Department of Electronic and Computer Engineering, Hong Kong University of Science and Technology, Hong Kong, China.
Institute for Advanced Study, Hong Kong University of Science and Technology, Hong Kong, China.
Nat Biotechnol. 2021 Apr;39(4):472-479. doi: 10.1038/s41587-020-0737-3. Epub 2020 Nov 30.

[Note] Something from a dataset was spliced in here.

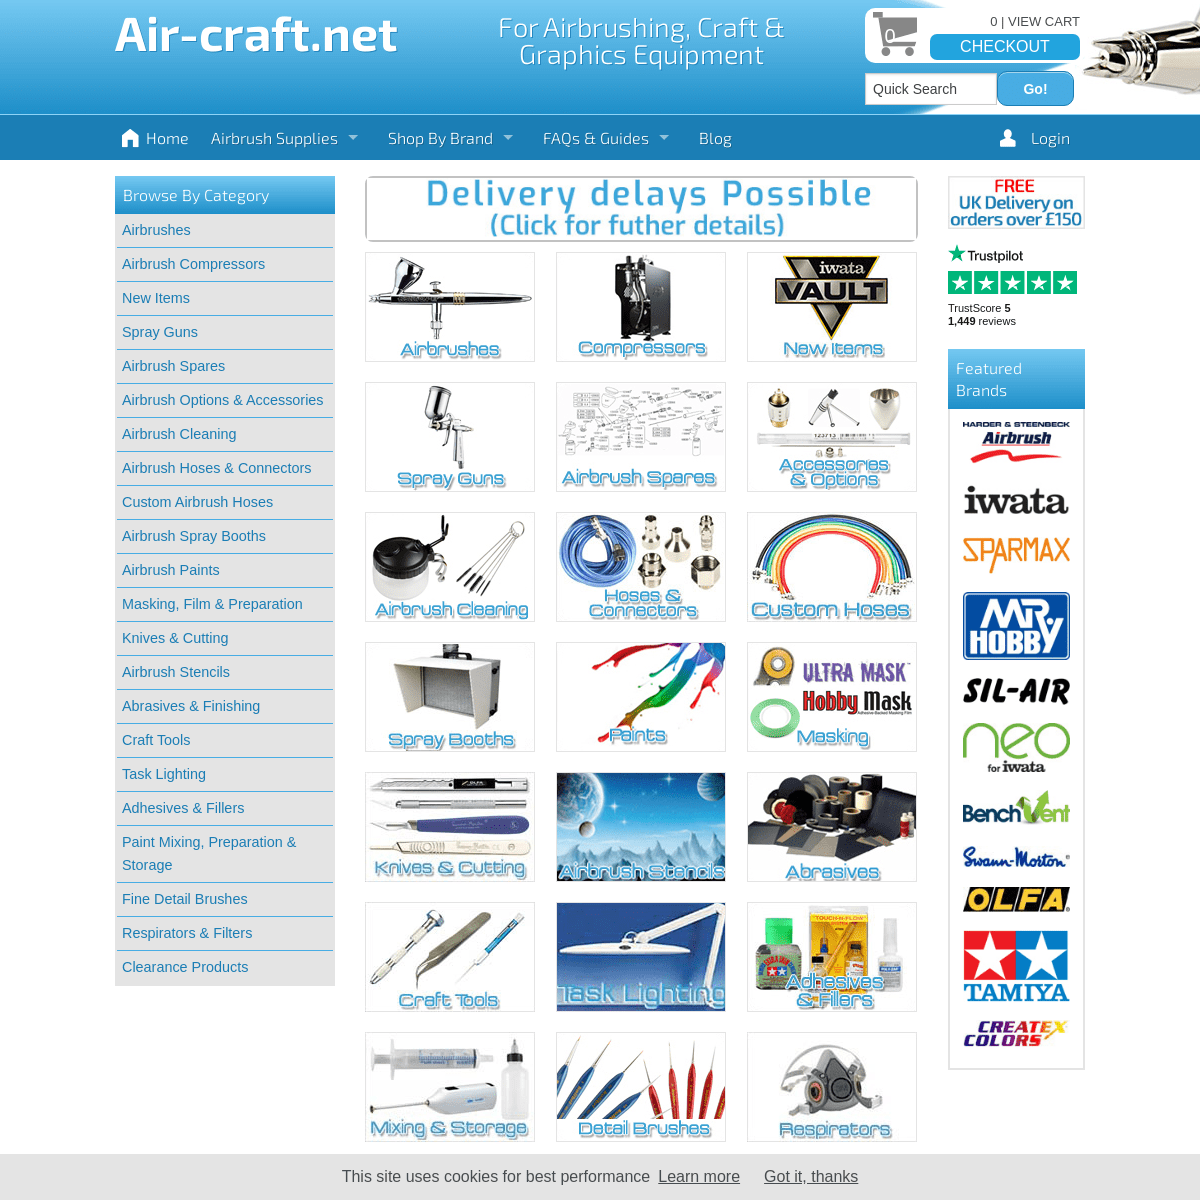 A complete backup of air-craft.net

Genetic linkage causes the fate of new mutations in a population to be contingent on the genetic background on which they appear. This makes it challenging to identify how individual mutations affect fitness. To overcome this challenge, we developed marginal path likelihood (MPL), a method to infer selection from evolutionary histories that resolves genetic linkage. Validation on real and simulated data sets shows that MPL is fast and accurate, outperforming existing inference approaches. We found that resolving linkage is crucial for accurately quantifying selection in complex evolving populations, which we demonstrate through a quantitative analysis of intrahost HIV-1 evolution using multiple patient data sets. Linkage effects generated by variants that sweep rapidly through the population are particularly strong, extending far across the genome. Taken together, our results argue for the importance of resolving linkage in studies of natural selection.
遗传连锁导致群体中新突变的命运取决于它们出现的遗传背景。这使得确定单个突变如何影响适应性变得具有挑战性。为了克服这一挑战,我们开发了边际路径似然(MPL),这是一种从解决遗传连锁的进化历史中推断选择的方法。在真实和模拟数据集上的验证表明,MPL 快速且准确,优于现有推断方法。我们发现,解决连锁对于准确量化复杂进化群体中的选择至关重要,我们通过使用多个患者数据集对 HIV-1 个体内进化进行定量分析证明了这一点。在种群中迅速传播的变体产生的连锁效应特别强烈,延伸到基因组的远处。总之,我们的结果表明,在自然选择研究中解决连锁问题非常重要。